• _TASK TO CARRY OUT_:
Each line below must be set down exactly; omit any image you find.

• _SOURCE MATERIAL_:

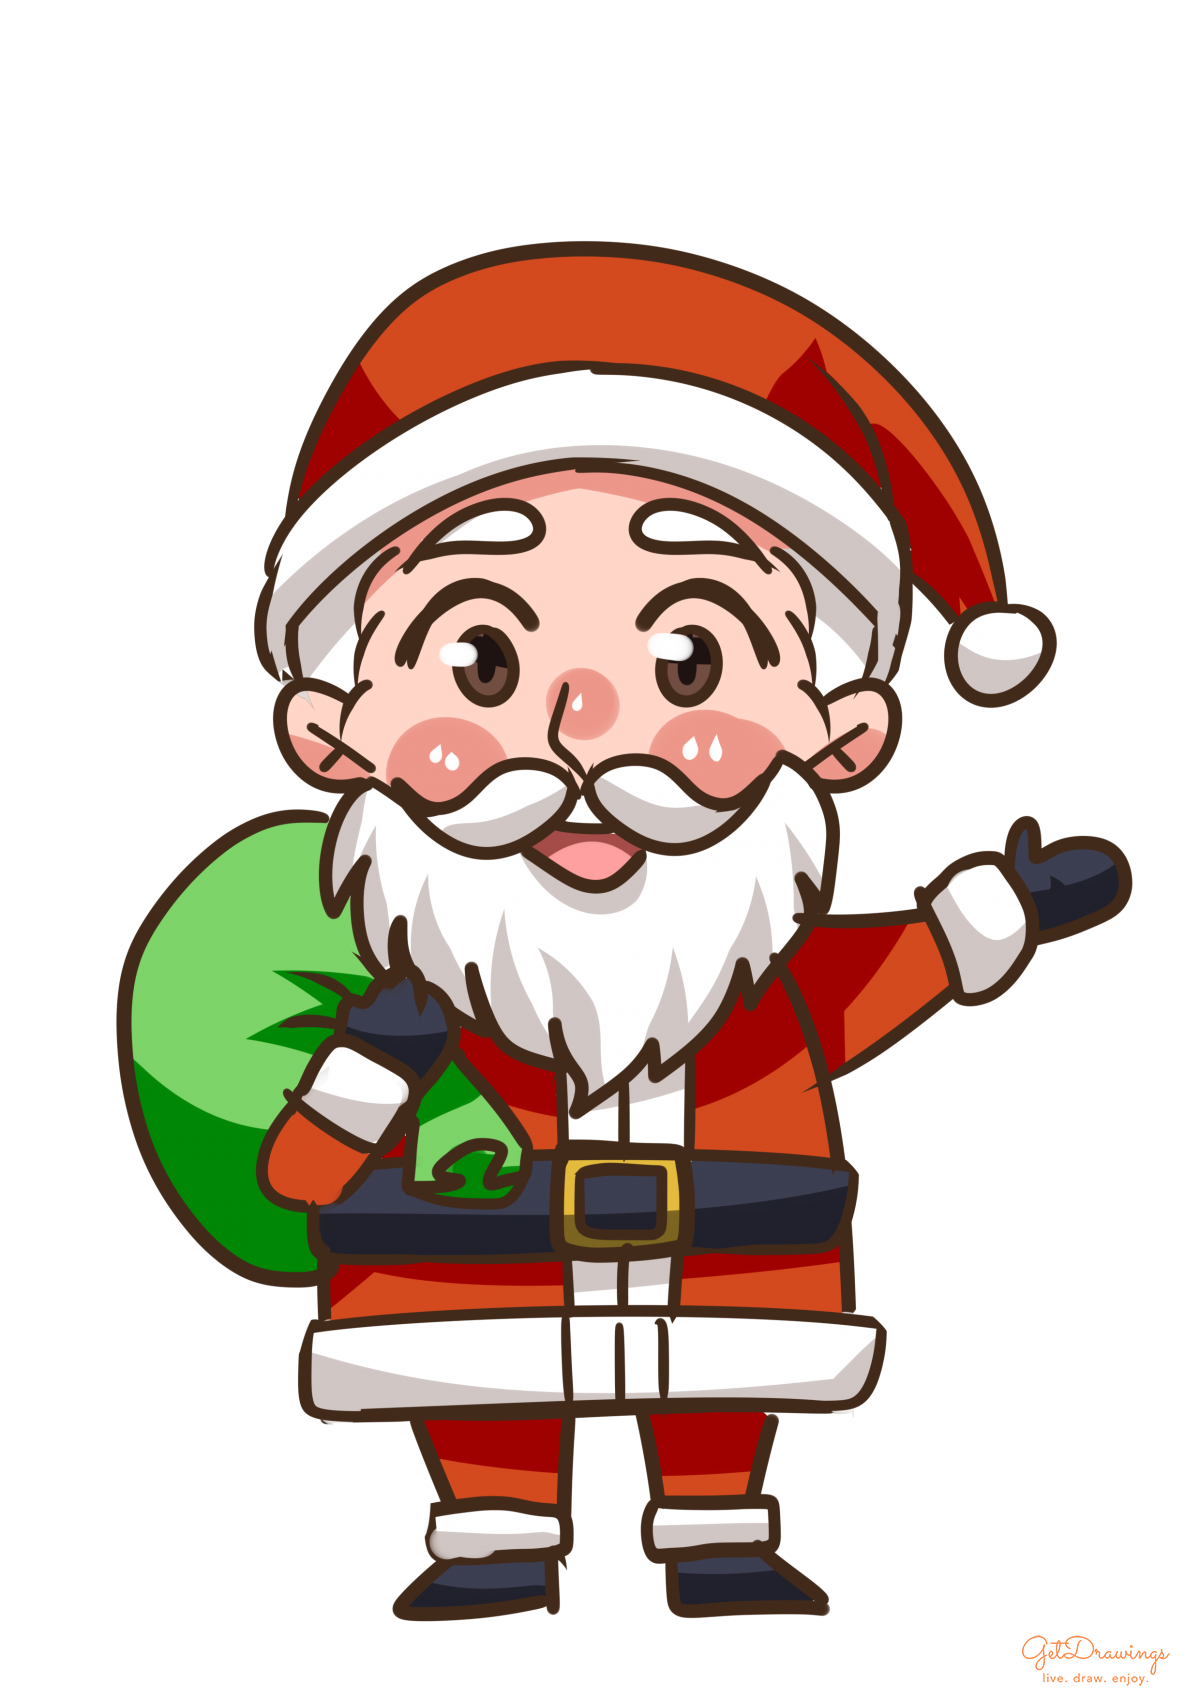 How to draw a Santa Claus | GetDrawings.com
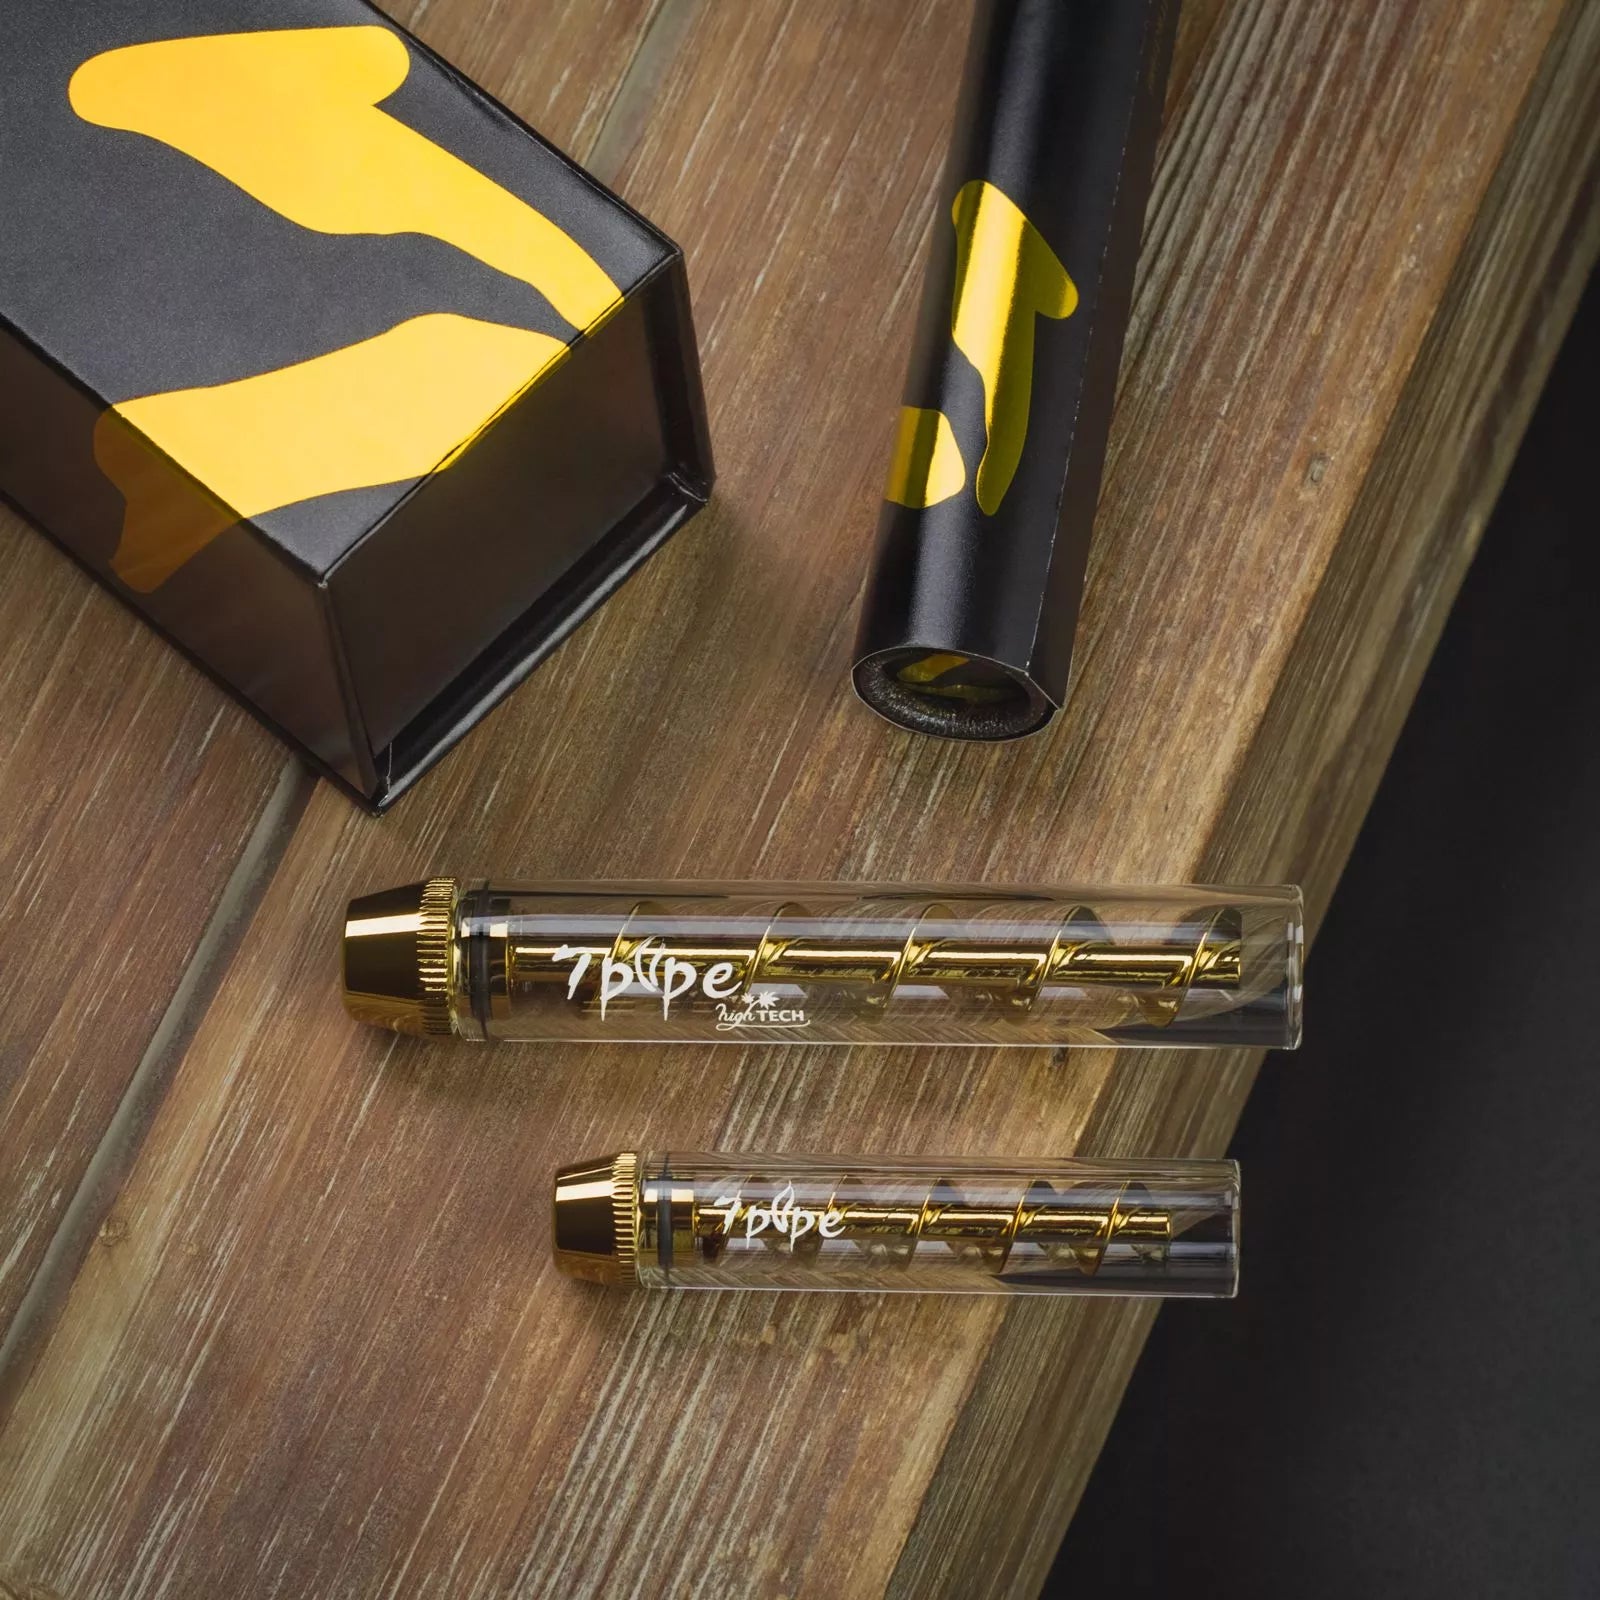 7Pipe Twisty Glass Blunt Review – Twisted Ways
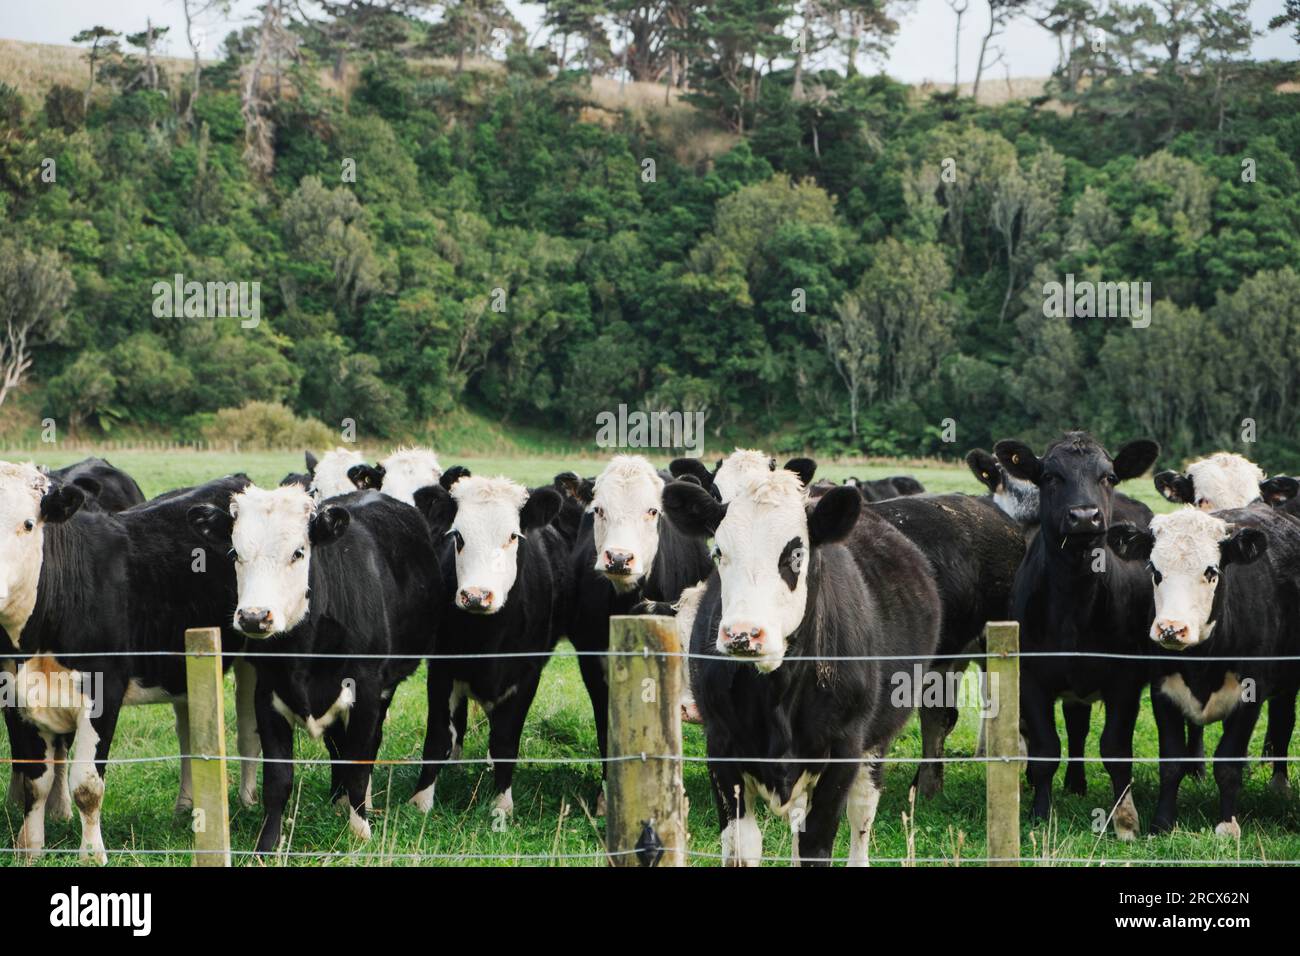 Cattle in a paddock behind a fence Stock Photo
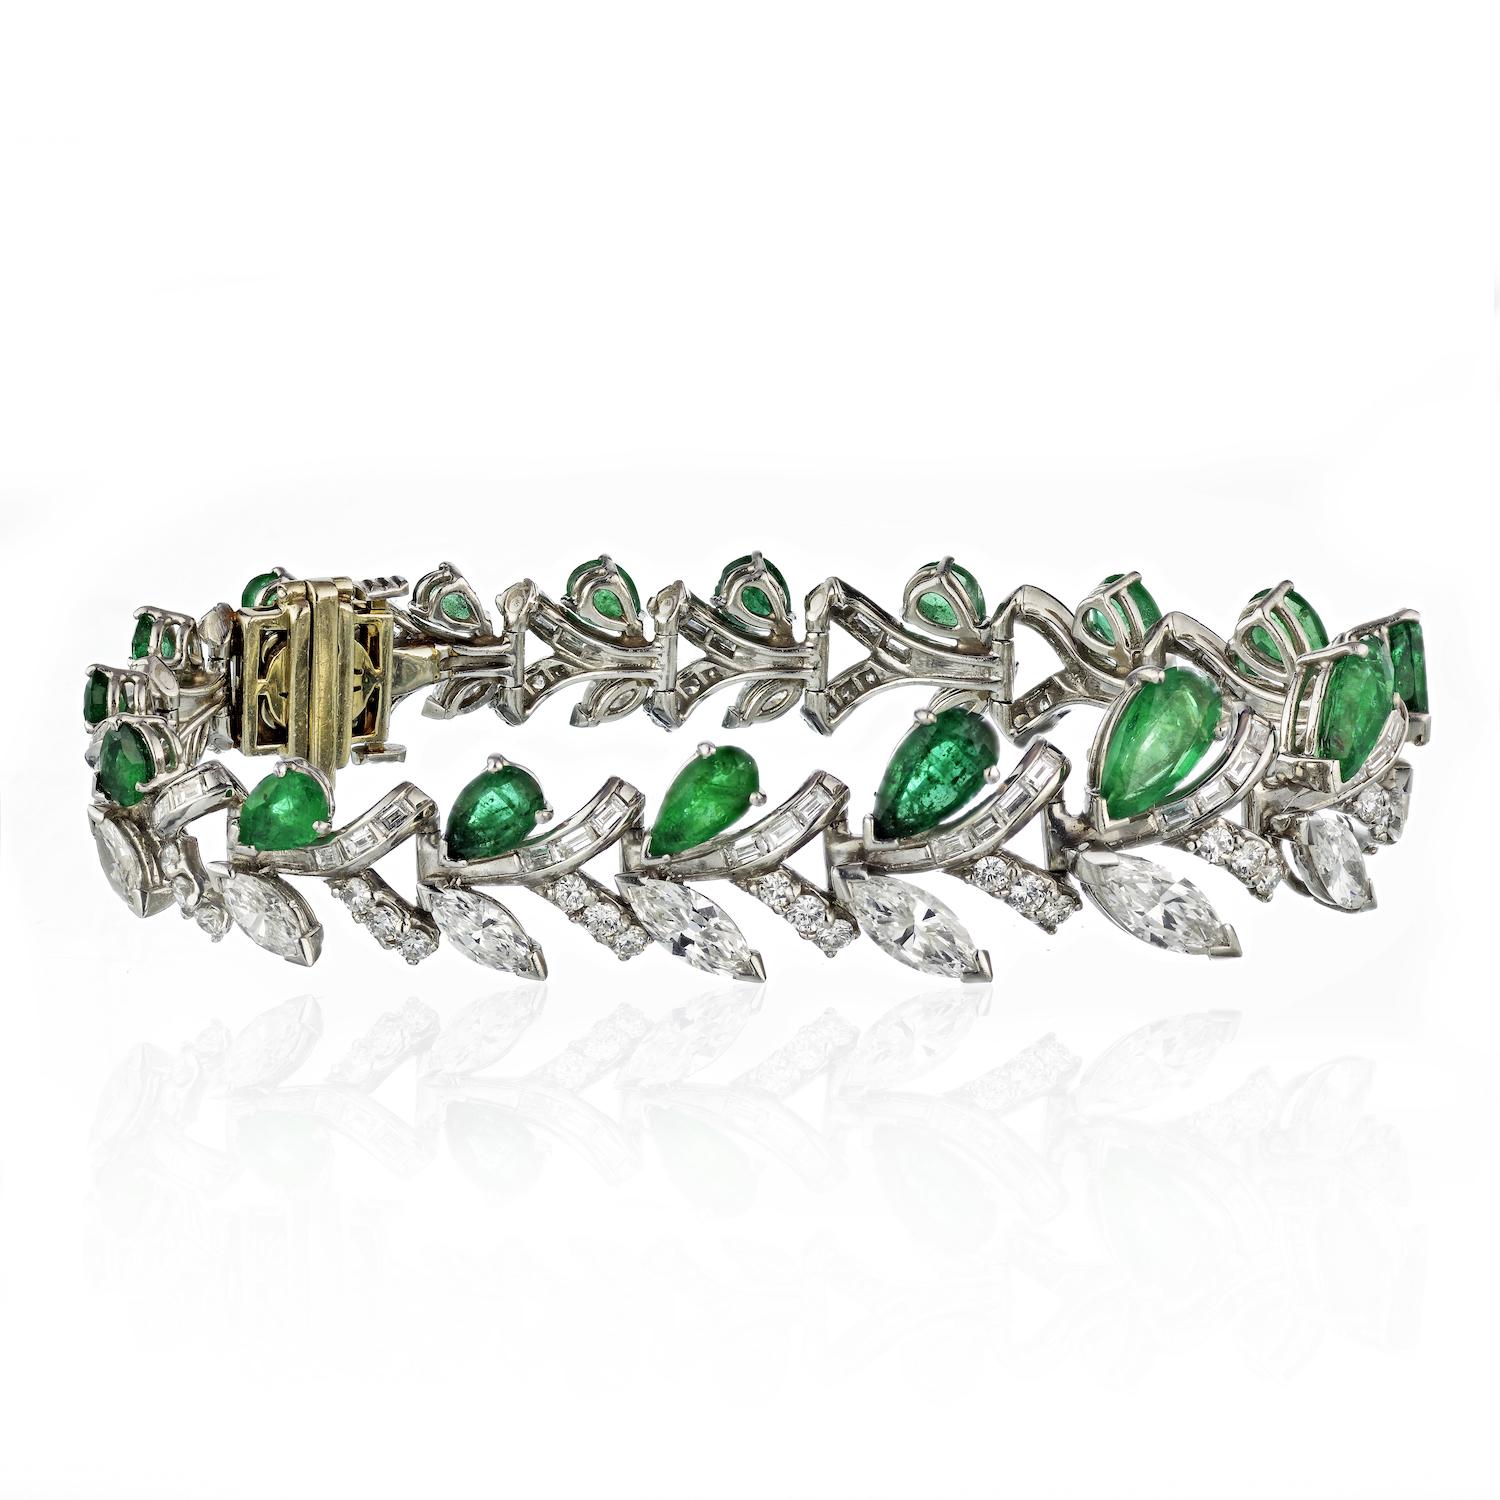 Step into the timeless allure of the 1950s-60s with this exquisite platinum bracelet. A symphony of elegance, it showcases pear-cut green emeralds harmoniously intertwined with 12 carats of brilliant, high-quality diamonds (marquise cuts, baguette

• _THE ANSWER_:
 How to draw a Santa Claus | GetDrawings.com
 7Pipe Twisty Glass Blunt Review – Twisted Ways
 Cattle in a paddock behind a fence Stock Photo
 Step into the timeless allure of the 1950s-60s with this exquisite platinum bracelet. A symphony of elegance, it showcases pear-cut green emeralds harmoniously intertwined with 12 carats of brilliant, high-quality diamonds (marquise cuts, baguette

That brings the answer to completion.